Tissue Engineering and Regenerative Medicine

Human iPSC derived vasculogenic cells may offer a long sought solution for obtaining large numbers of autologous cells sufficient for tissue engineering and opportunities to model vascular disease in a dish. We report a novel approach for the derivation of endothelial precursor cells from hips cells using triple combination of selection markers: CD34, neuropilin-1(NP-1) and KDR, and an efficient 2-D culture system for hiPS cell-derived endothelial precursor cell expansion. Functionality of blood vessels in cranial window models of severe combined immunodeficient (SCID) mice was determined by non-invasive longitudinal in vivo multiphoton laser scanning microscopy for parameters that included red blood cell (RBC) velocity, blood flow and permeability to bovine serum albumin.
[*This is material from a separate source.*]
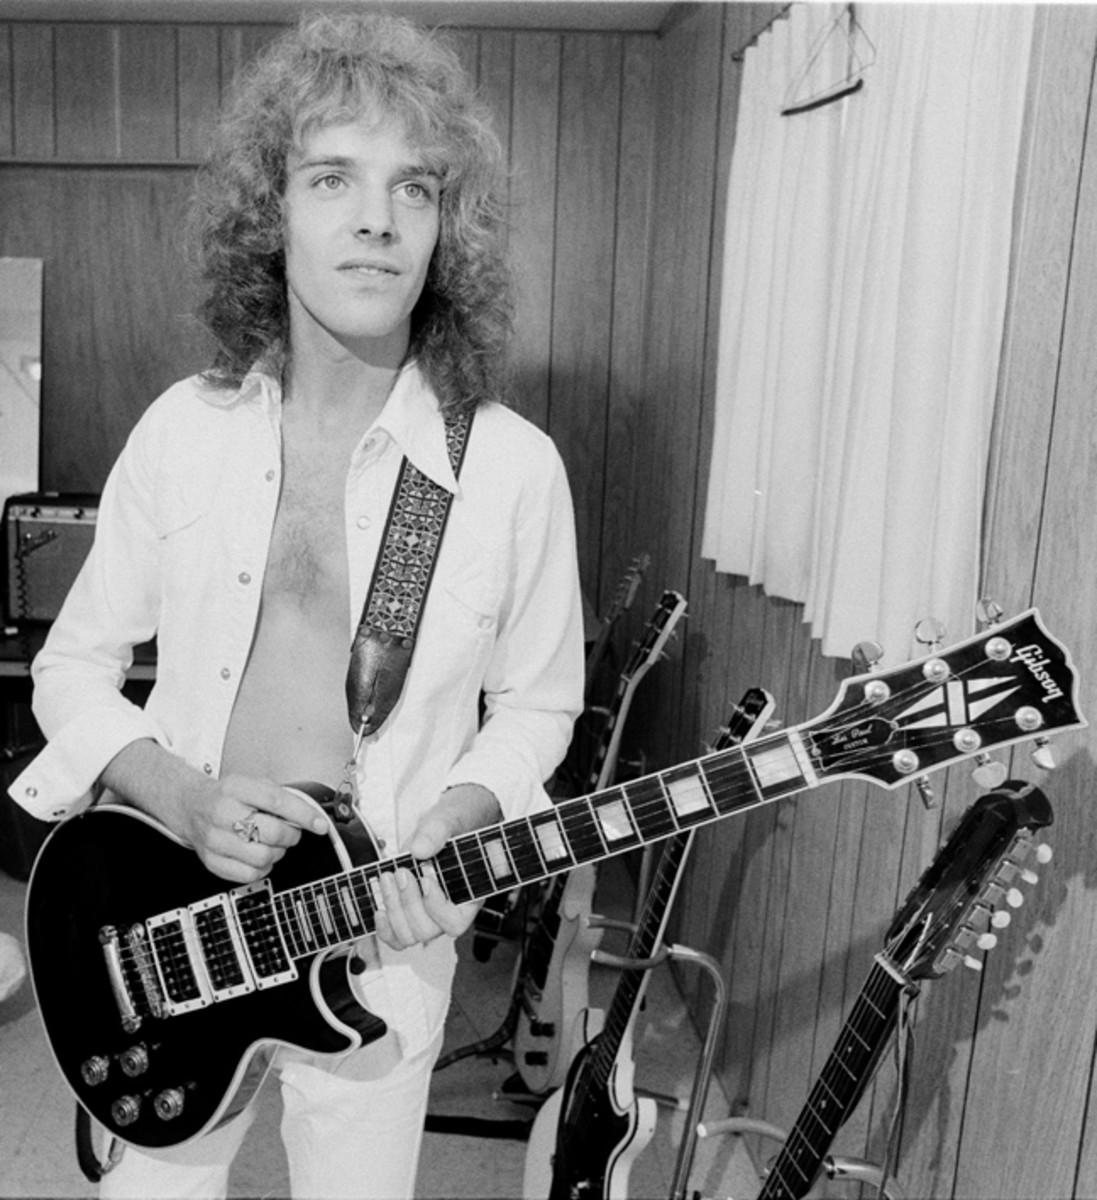 Peter Frampton 1970s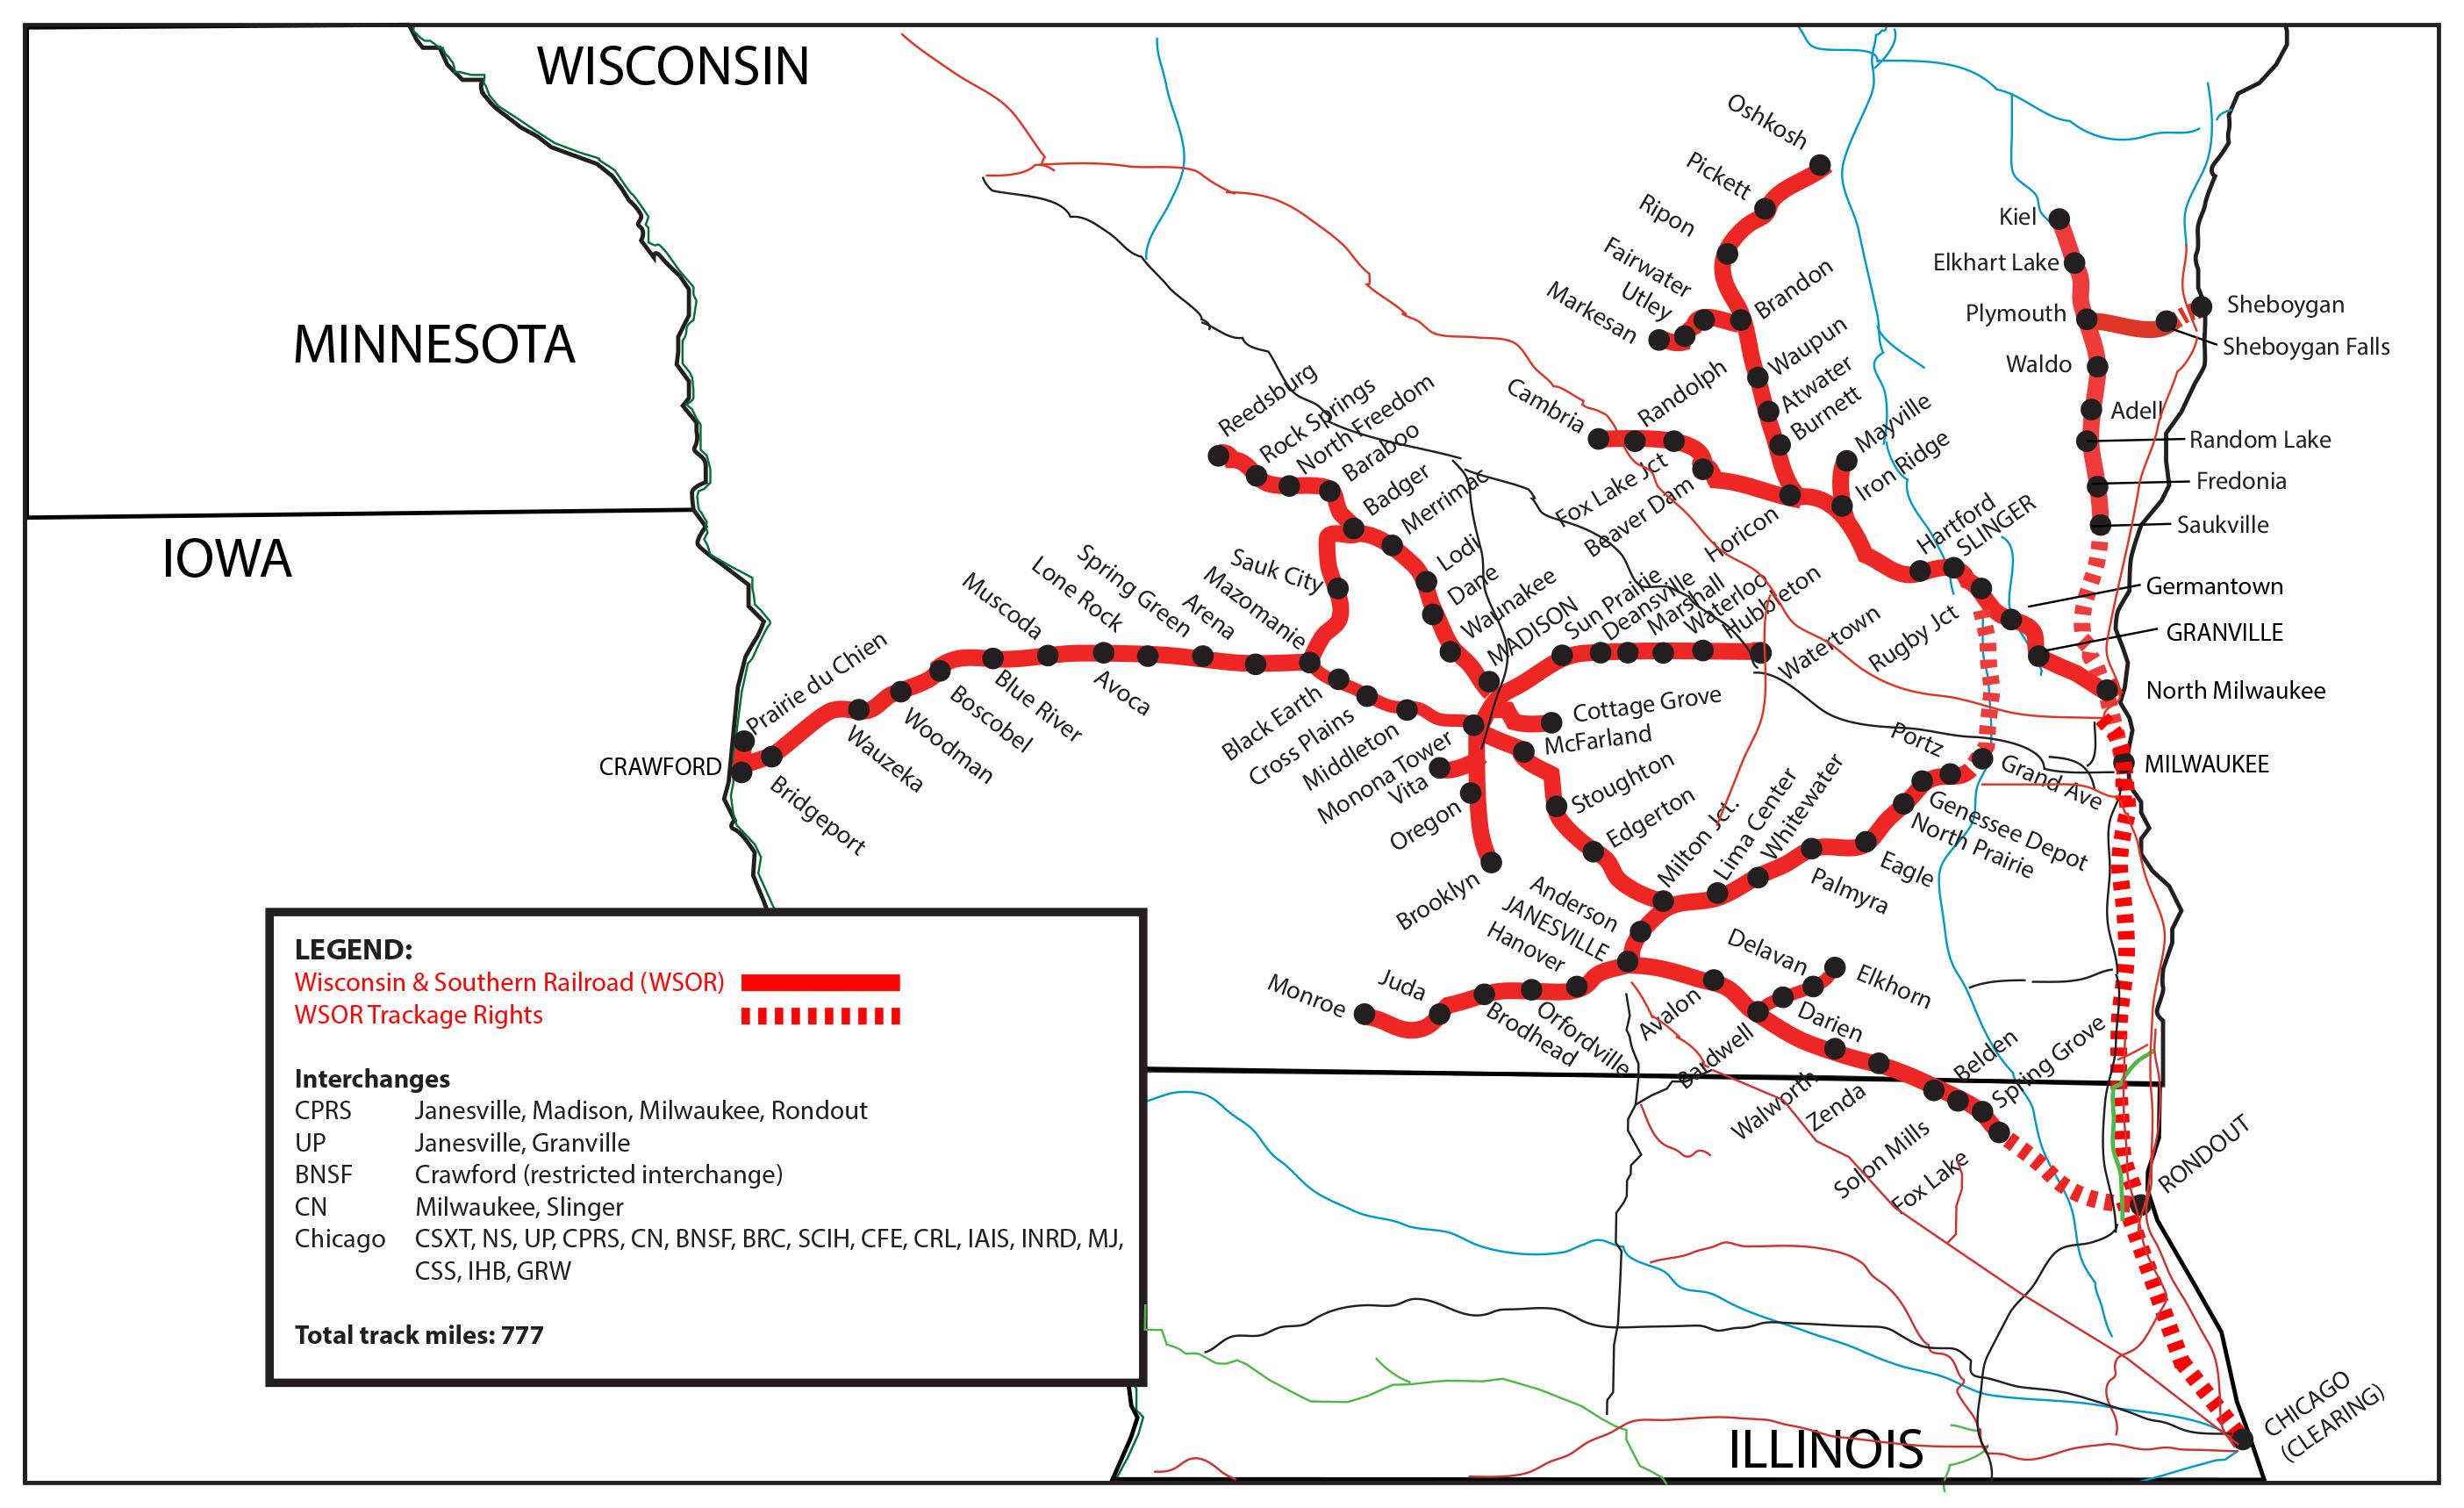 Transportation Company - Wisconsin & Southern - Railroad

We successfully generated endothelial cells from hiPS cells obtained from healthy donors and formed stable functional blood vessels in vivo - lasting for 280 days in SCID mice. The RBC velocities of engineered blood vessels were comparable to normal endogenous host vessels (1.36±0.3 mm/s), and demonstrated a higher permeability as compared to endogenous vessels. We also generated mesenchymal precursor cells (MPCs) from hiPS cells in parallel. Moreover, we successfully generated functional blood vessels in vivo using these endothelial cells and mesenchymal precursor cells derived from the same hiPS cell line. In parallel, we have isolated hiPSC-derived ECs and PVCs from type-1 diabetes and maturity-onset diabetes of the young (MODY) cases. The T1D-iPS engineered blood vessels were functional for 4 months in vivo while MODY-iPS-ECs failed to form functional blood vessels. Human iPSC-derived vasculogenic cells may be an abundant source to examine vascular defects of diabetes in a dish.